Chicago Boys playtest neoliberal algorithms in post-coup Chile. Thatcher and Reagan universalize these programs, making them games people play worldwide.

William Gibson refines the “space” of Spacewar, rechristening it “cyberspace” in his novel Neuromancer.

Spacewar is thenceforth the enframing world-picture.

“Gibson contracts the thought of cyberspace from video-game arcades, watching the motor-stimulation feedback loops, self-designing kill patterns. Dark ecstasies in caverns of accelerating pixels. Before virtual reality became dangerous, it was already military simulation,” note Plant and Land in “Cyberpositive.”

Gibson himself has said as much, acknowledging in interviews that he coined the term ‘cyberspace’ after watching teenagers play Atari-era videogames in a Vancouver arcade. “Their posture seemed to indicate that they really, sincerely believed there was something beyond the screen,” he recalls. “I took that home and tried to come up with a name for it.”

“The matrix has its roots in primitive arcade games, in early graphics programs and military experimentation with cranial jacks,” says a voiceover early in Gibson’s novel, the book’s protagonist Case grokking a doc on “cyberspace” from some searchable multimedia encyclopedia of the future. Storying happens by way of a display screen. “On the Sony,” says the narrator, “a two-dimensional space war faded behind a forest of mathematically generated ferns, demonstrating the spatial possibilities of logarithmic spirals; cold blue military footage burned through, lab animals wired into test systems, helmets feeding into fire control circuits of tanks and war planes.” The voiceover returns to describe what we’ve witnessed:

“Cyberspace. A consensual hallucination experienced daily by billions of legitimate operators, in every nation, by children being taught mathematical concepts … A graphic representation of data abstracted from the banks of every computer in the human system. Unthinkable complexity. Lines of light ranged in the non-space of the mind, clusters and constellations of data. Like city lights, receding…” (Gibson 56-57).

“Spacewar serves Earthpeace,” claims Brand. But the “console cowboys” who settle in this new digital frontier are as competitive and combative as their Westworld forebears.

In trying to account for the violence of these visions, Caius thinks of Ernest Callenbach’s 1975 novel Ecotopia. “Imagine a future that works!” exhorts the blurb on the back of the paperback.

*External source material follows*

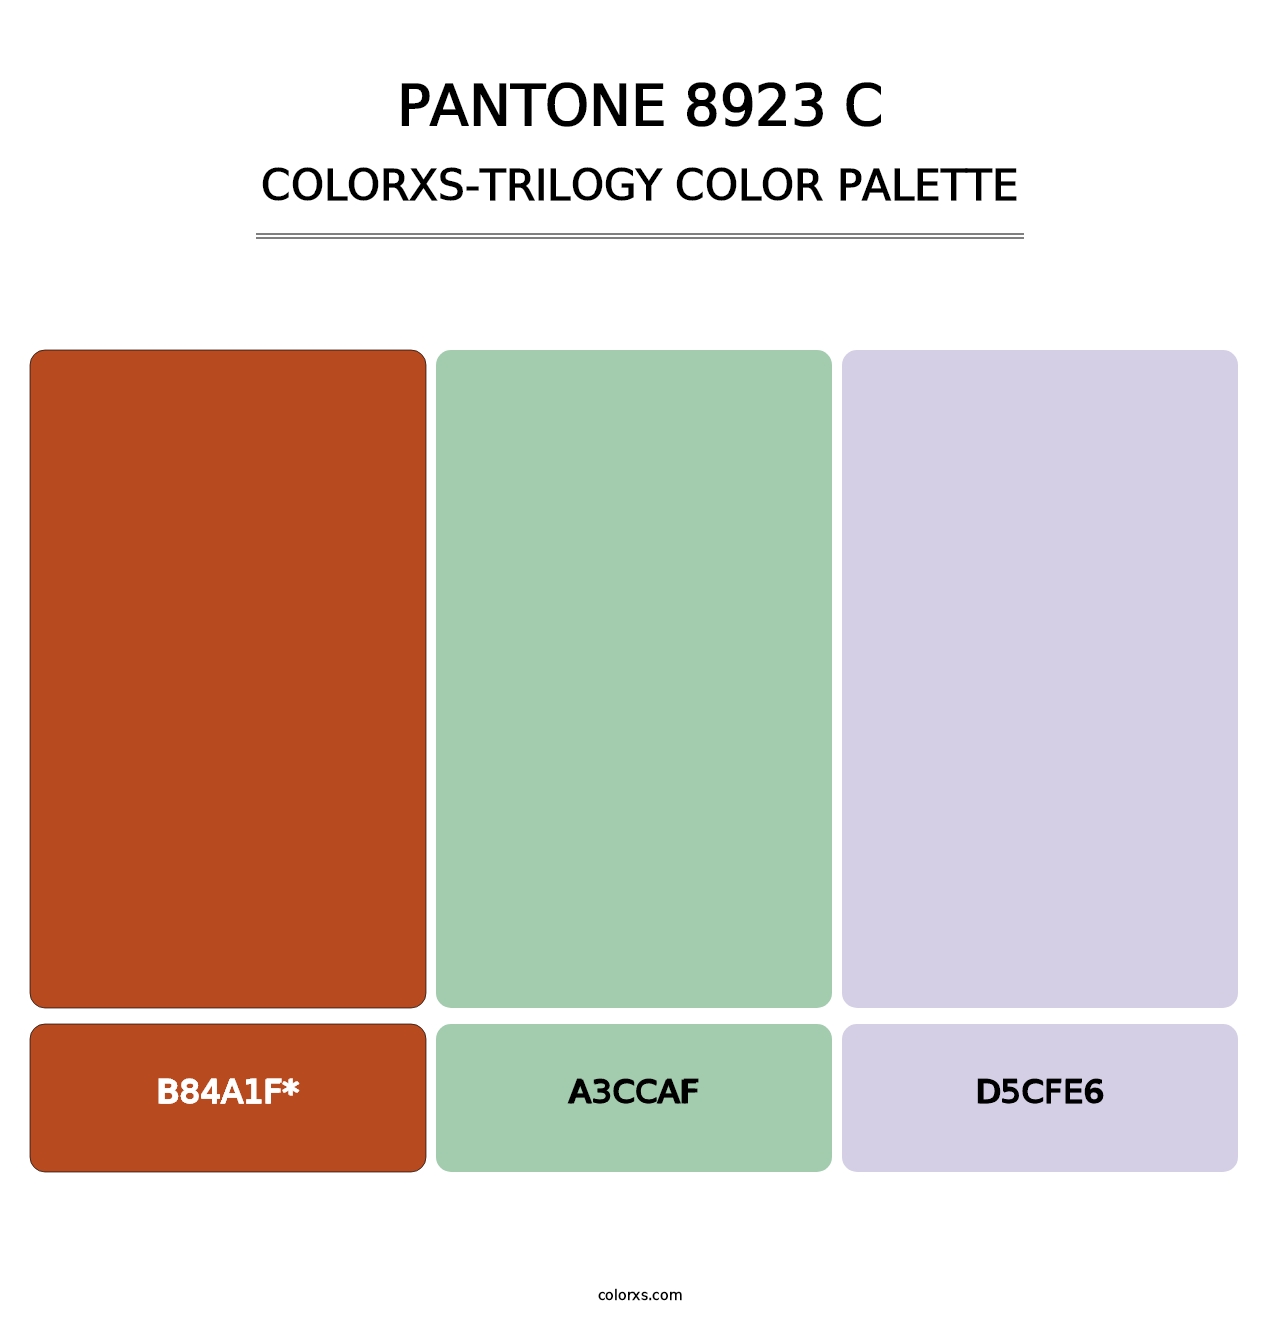 PANTONE 8923 C - Colorxs Trilogy Palette

Technological autonomy won by way of nuclear-armed secession, Silicon Valley erased from the Pacific Northwest of the book’s imagined future — yet even here, amid Ecotopia’s “steady-state system,” aggression remains ineradicable, remedied only by way of ritual war games and sacrificial violence.

“What about the cross?” asks the book’s narrator, an American journalist named Will Weston, observing the way the people of Ecotopia arrange the bloodied body of a man wounded in the games “in a startlingly crucifix-like way” (Callenbach 93).

“Well, Ecotopia came into existence with a Judeo-Christian heritage,” replies an Ecotopian. “We make the best of it” (96).